Configuring XMLReader Behavior

A configuration mechanism was one of the key features added in the SAX2 release. Parsers can support extensible sets of named Boolean feature flags and property objects. These function in similar ways, including using URIs to identify any number of features and properties. The exception model, presented in "Introducing SAX2" in "SAX2 Feature Flags" is used to distinguish the three basic types of feature or property: the current value may be read-only, read/write, or undefined. Some flags and properties may have rules about when they can be changed (typically not while parsing) or read.

Applications access property objects and feature flags through get*() and set*() methods and use URIs to identify the characteristic of interest. Since SAX does not provide a way to enumerate such URIs as supported by a parser, you will need to rely on parser documentation, or the tables in this section, to identify the legal identifiers. (Or consult the source code, if you have access to it.)

If you happen to be defining new handlers or features using the SAX2 framework, you don't have to ask for permission to define new property or feature flag IDs. Since they are identified using URIs, just start your ID with a base URI that you control. (Only the SAX maintainers would start with the http://xml.org/sax/ URI, for example.) Typically, it will be easiest to make up some HTTP URL based on a fully qualified domain name that you control. As with namespace URIs, these are used purely as identifiers rather than as locations from which data would be retrieved. (The "I" in URI stands for "identifier.")

XMLReader Properties

SAX2 defines two XMLReader calls for accessing named property objects. One of the most common uses for such objects is to install non-core event handlers.
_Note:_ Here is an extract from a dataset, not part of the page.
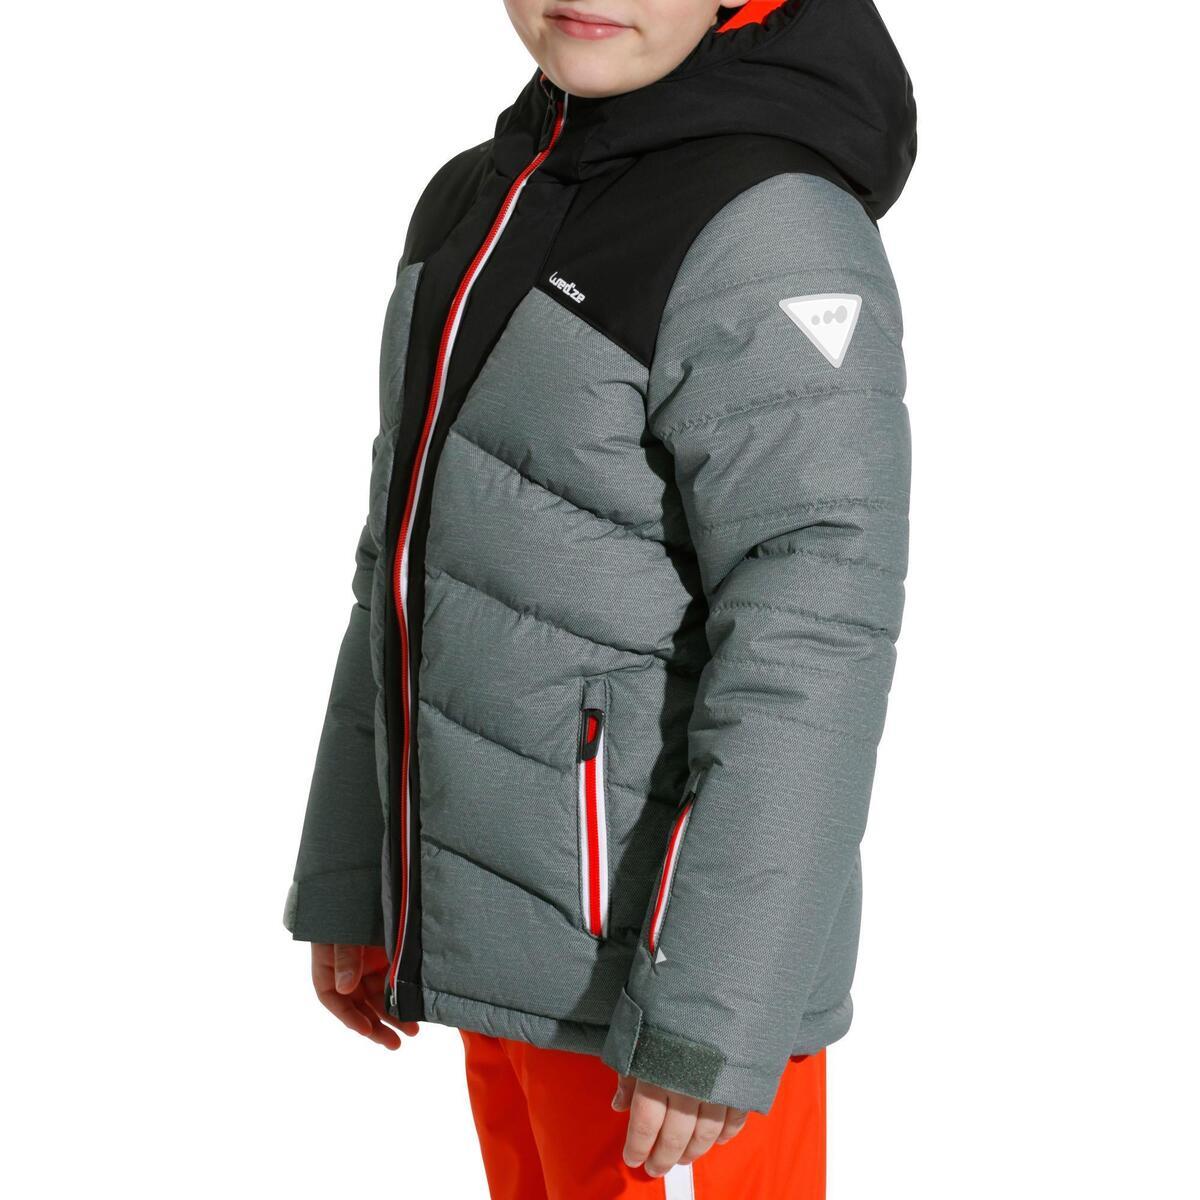 Bild 5 von Skijacke Warm 500 Kinder grau/schwarz

Accessing properties is like accessing feature flags, except that the values associated with these names are objects rather than Booleans:

XMLReader producer ...; String uri = ...; Object value = ...; // Try getting and setting the property try {
 System.out.println ("Initial property setting: " + producer.getProperty (uri); // if we get here, the property is supported producer.setProperty (uri, value); // if we get here, the parser set the property
}
catch (SAXNotSupportedException e) {
 // bad value for property ... maybe wrong type, or parser state System.out.println ("Can't set property: " + e.getMessage ()); System.exit (1);
}
catch (SAXNotRecognizedException e) {
 // property not supported by this parser System.out.println ("Doesn't understand property: " + e.getMessage ()); System.exit (1);
}

You'll notice the URIs for these standard properties happen to have a common prefix. This means that you can declare the prefix (http://xml.org/sax/properties/) as a constant string and construct the identifiers by string catenation.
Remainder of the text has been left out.